Alarm Guard Security is honoured to be a business in Canada with head office located in North York, Ontario. We fully support the government’s decision to heavily invest in our children’s education and safety, the continuation of our school boards and online education.
We understand with school starting this week many families will need to adjust for the teenagers staying home and working online. Some parents may also work from home but many may be required to return to work depending on their field. No matter if your child returns to school or stays home, for many families there may be a short time where the schedules may not line up leaving the child home alone.
Home Safety To Think About
Alarm Guard Security Recommends These Top Safety Tips:
1. Ensure all smoke and Carbon monoxide detectors are on and working. Check to ensure they are not expired. If so contact us for help…
2. Test your home security system and update your families user codes for the keypad. Check signals to your monitoring station. Need help with a security system ? Contact the pros in home security here
3. Test all doors, windows and locks for your home. Your entry / exit points are the most vulnerable when they are not working. Check frequently for safety.
4. Update your emergency contacts.. With your alarm company, your children’s schools and your work. If something happens to you then your work should know who to contact.
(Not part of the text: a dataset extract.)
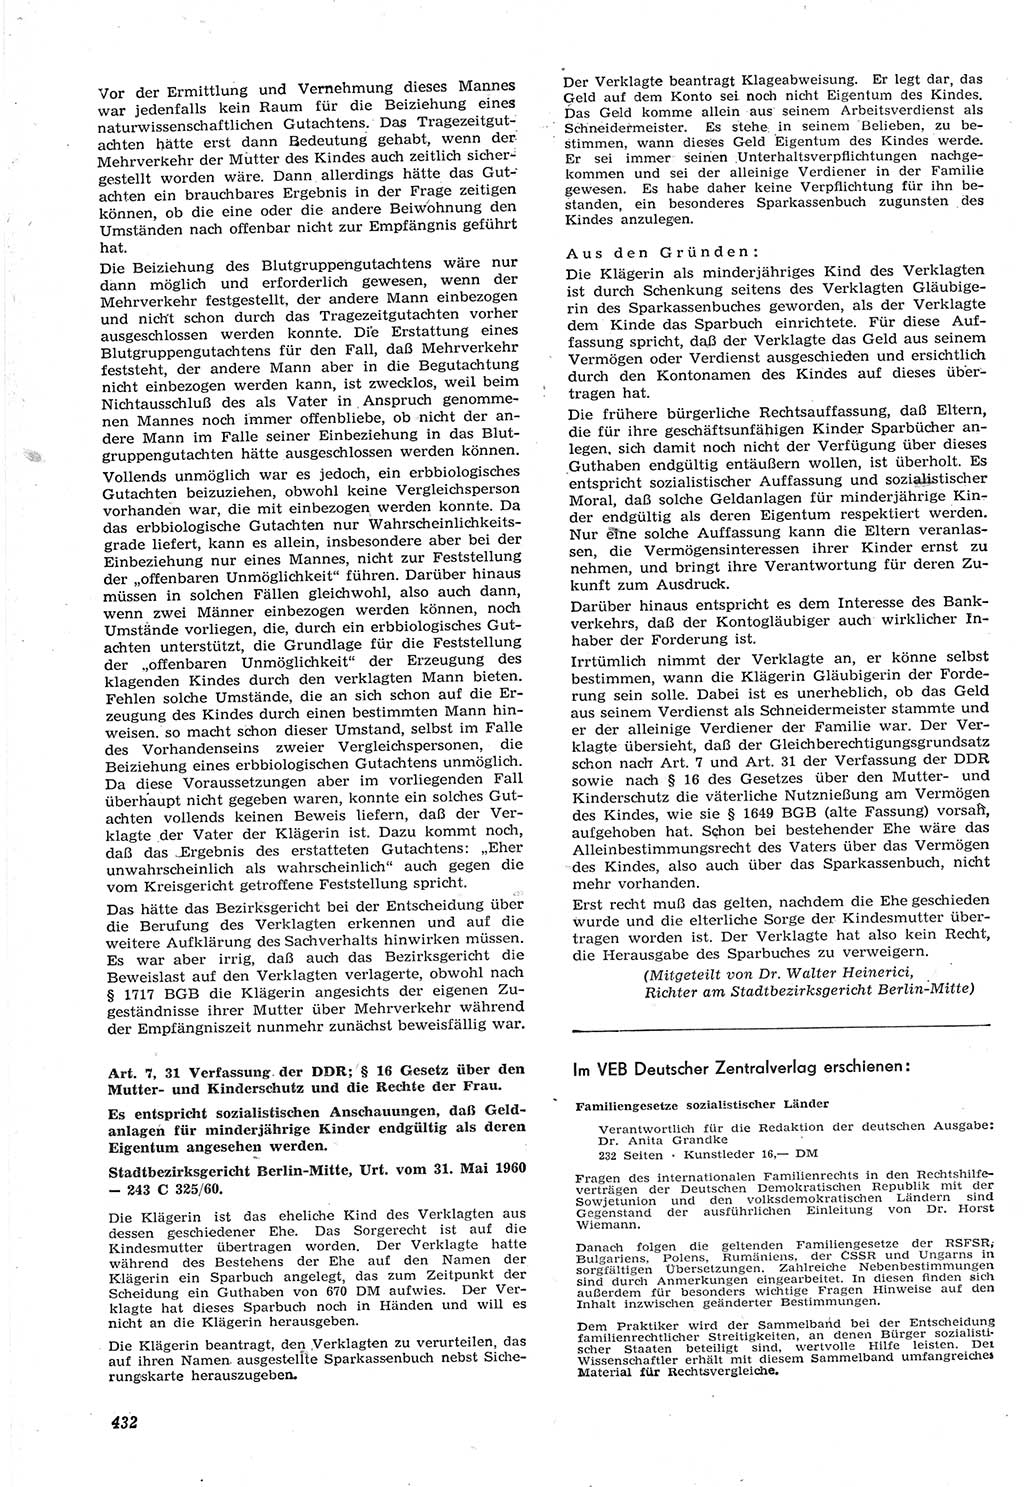 Neue Justiz (NJ), Zeitschrift für Recht und Rechtswissenschaft [Deutsche Demokratische Republik (DDR)], 15. Jahrgang 1961, Seite 432 (NJ DDR 1961, S. 432)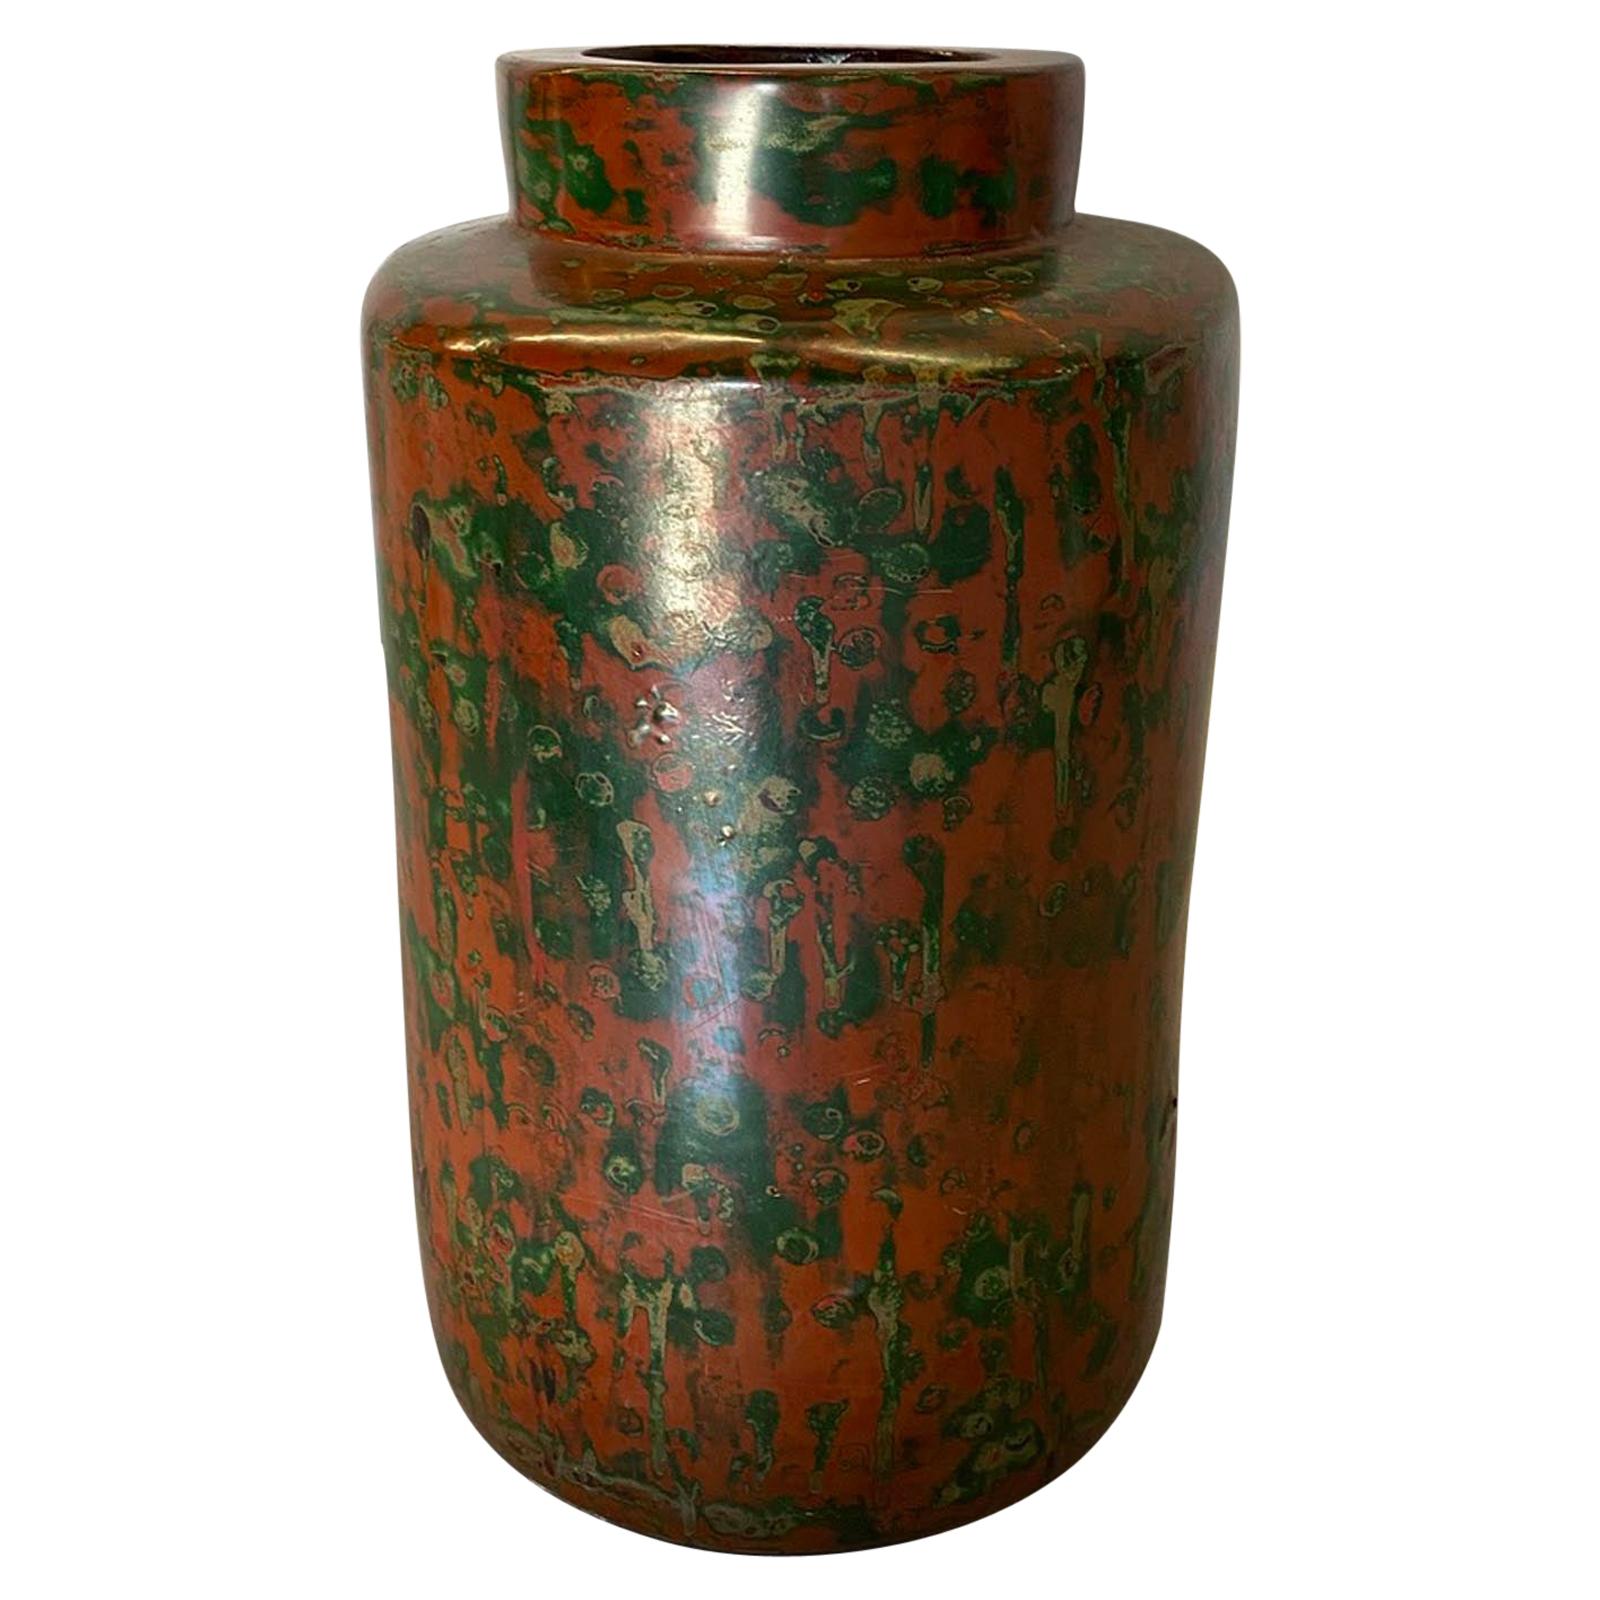 Taisho/Early Showa Japanese Lacquered Bronze Vase

5. Create some kind of notifications for when your children are home from school. With daily check ins and notifications you can rest at ease and have peace of mind. This can be achieved manually by a person or easily through a videocamera setup by your local security and home automation company.
6. Turn on location based apps for your children’s phone. Keep informed and know exactly where your children are at all times.
7. Find out your child’s circle of friends information. Knowing who they are with is as important as where they are. Full names and phone numbers are best.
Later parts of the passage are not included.